**TASK STATEMENT:** Among the entries below, find the line with "Men at work" and the line with "liberty-beige-platform-sandals". Return exactly those lines and every line between them, but no pictures.

**PROVIDED ENTRIES:**

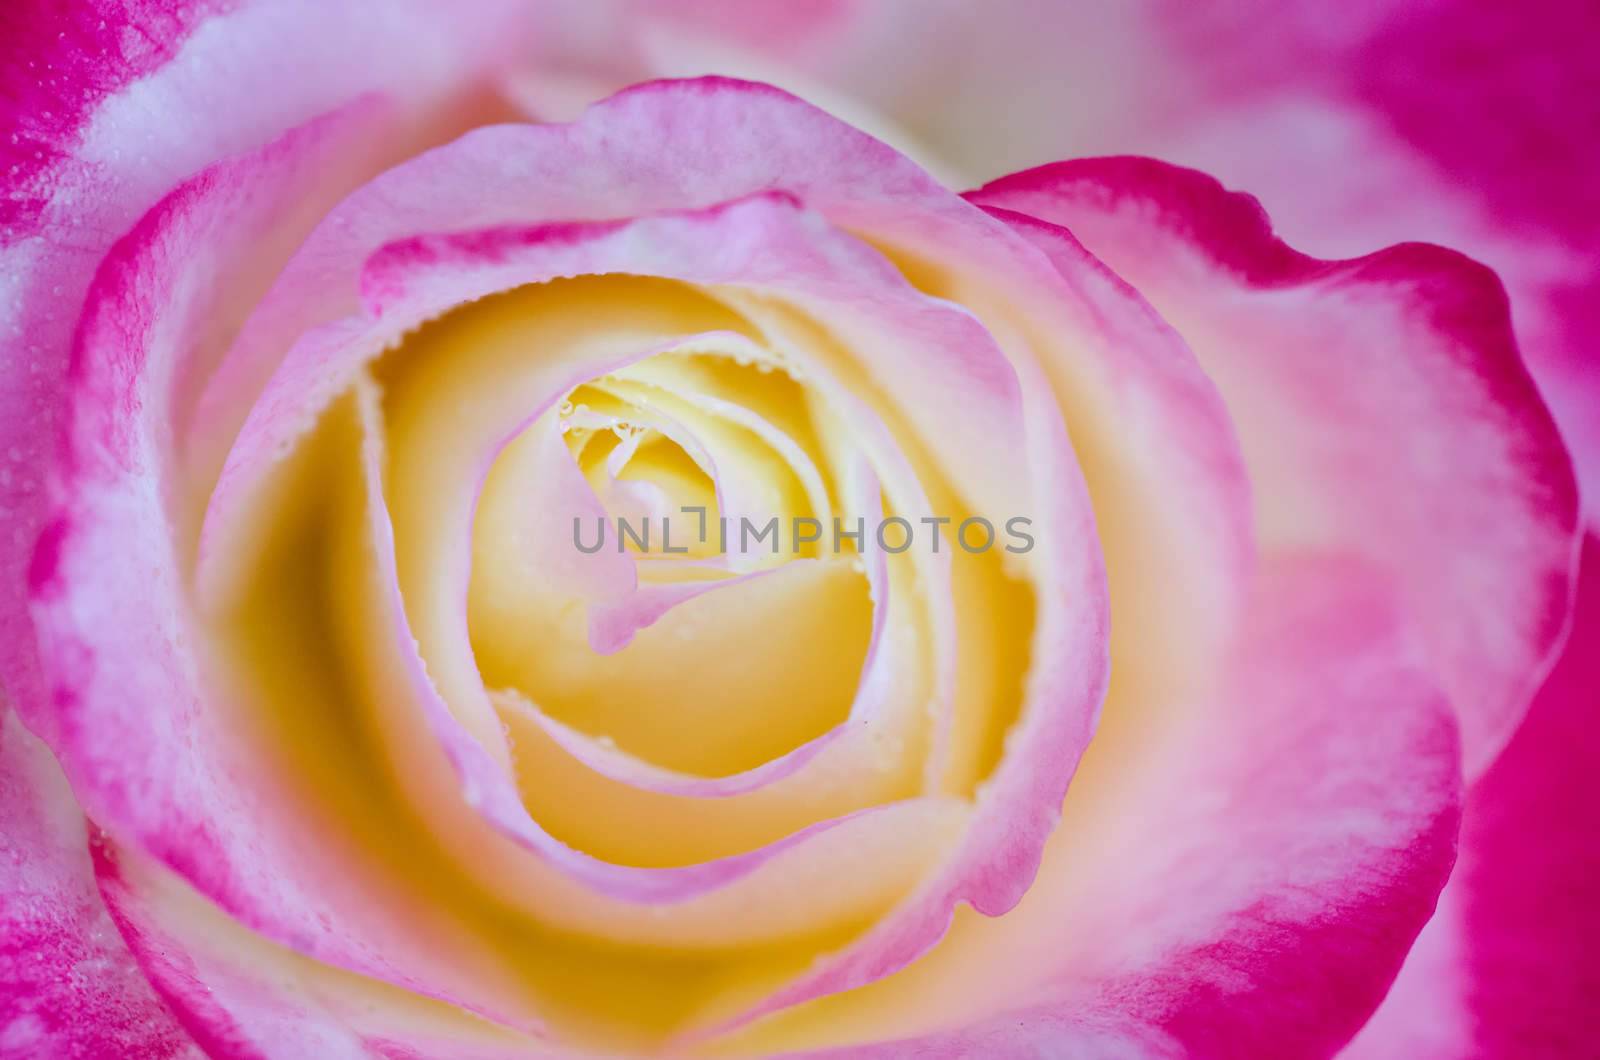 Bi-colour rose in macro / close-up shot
--
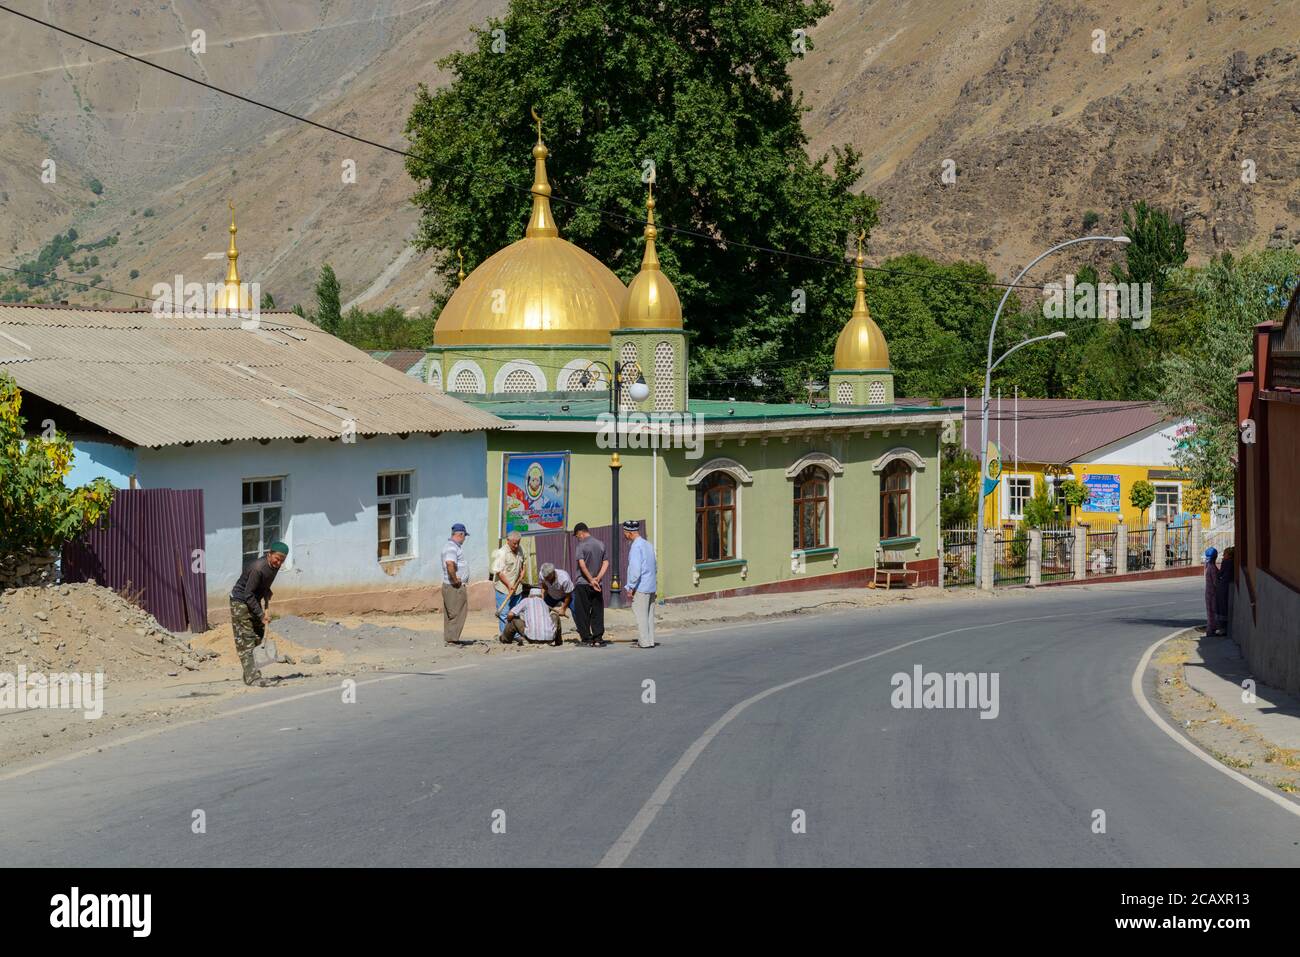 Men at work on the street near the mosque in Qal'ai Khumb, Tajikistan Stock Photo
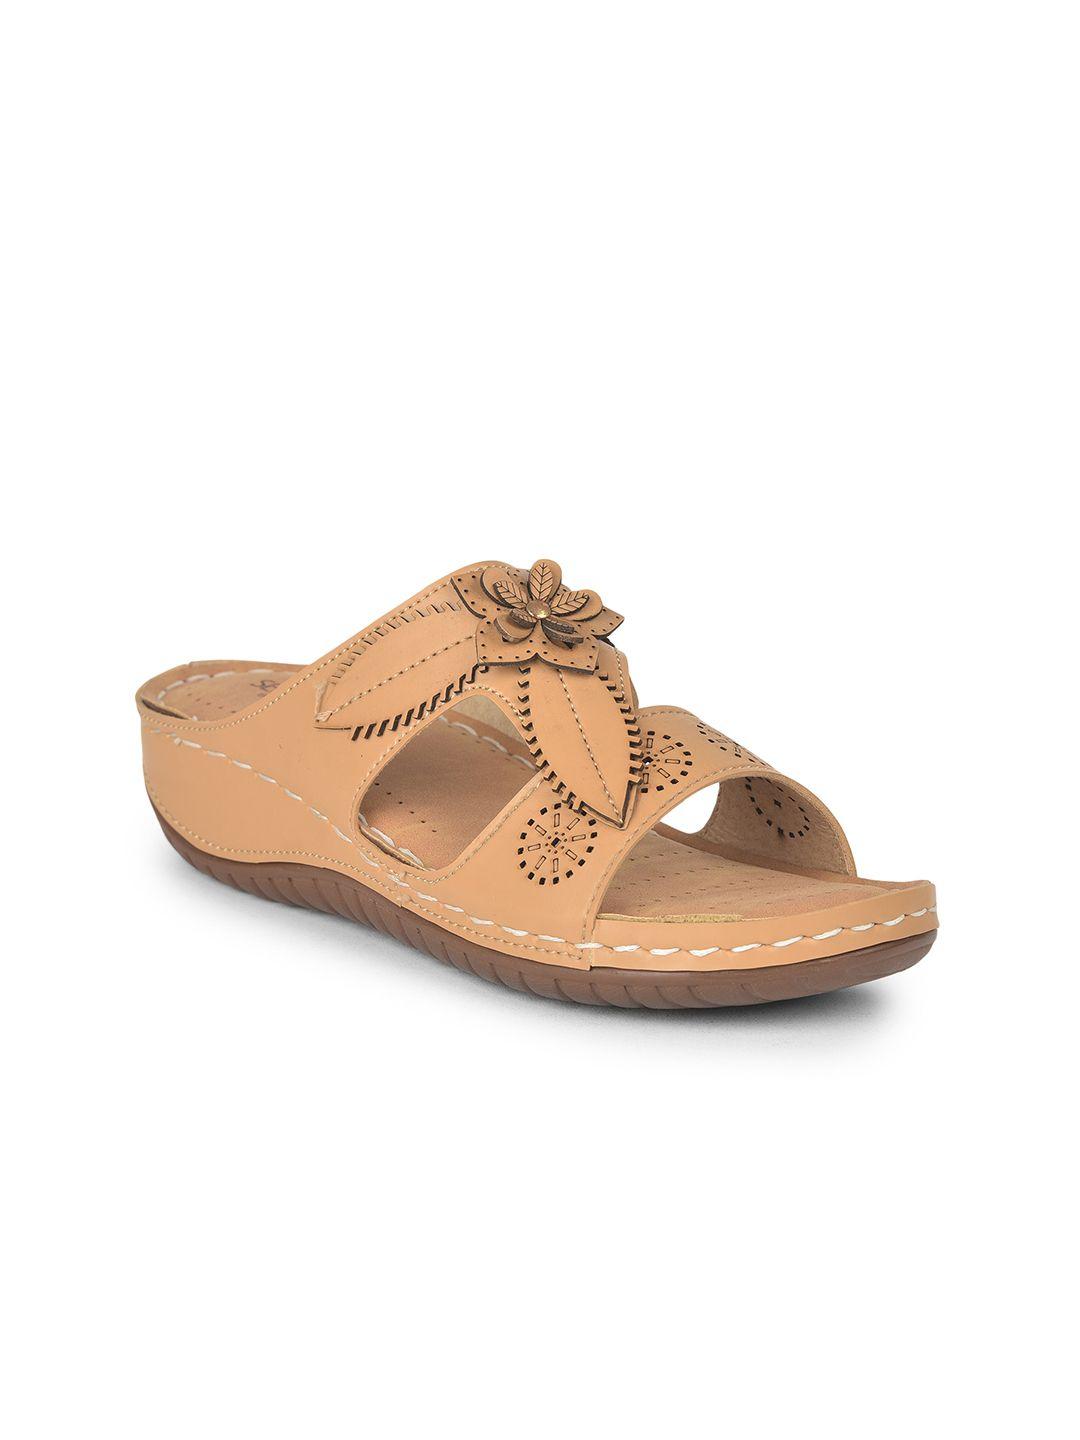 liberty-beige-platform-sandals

**FINAL ANSWER:**
 Men at work on the street near the mosque in Qal'ai Khumb, Tajikistan Stock Photo
 liberty-beige-platform-sandals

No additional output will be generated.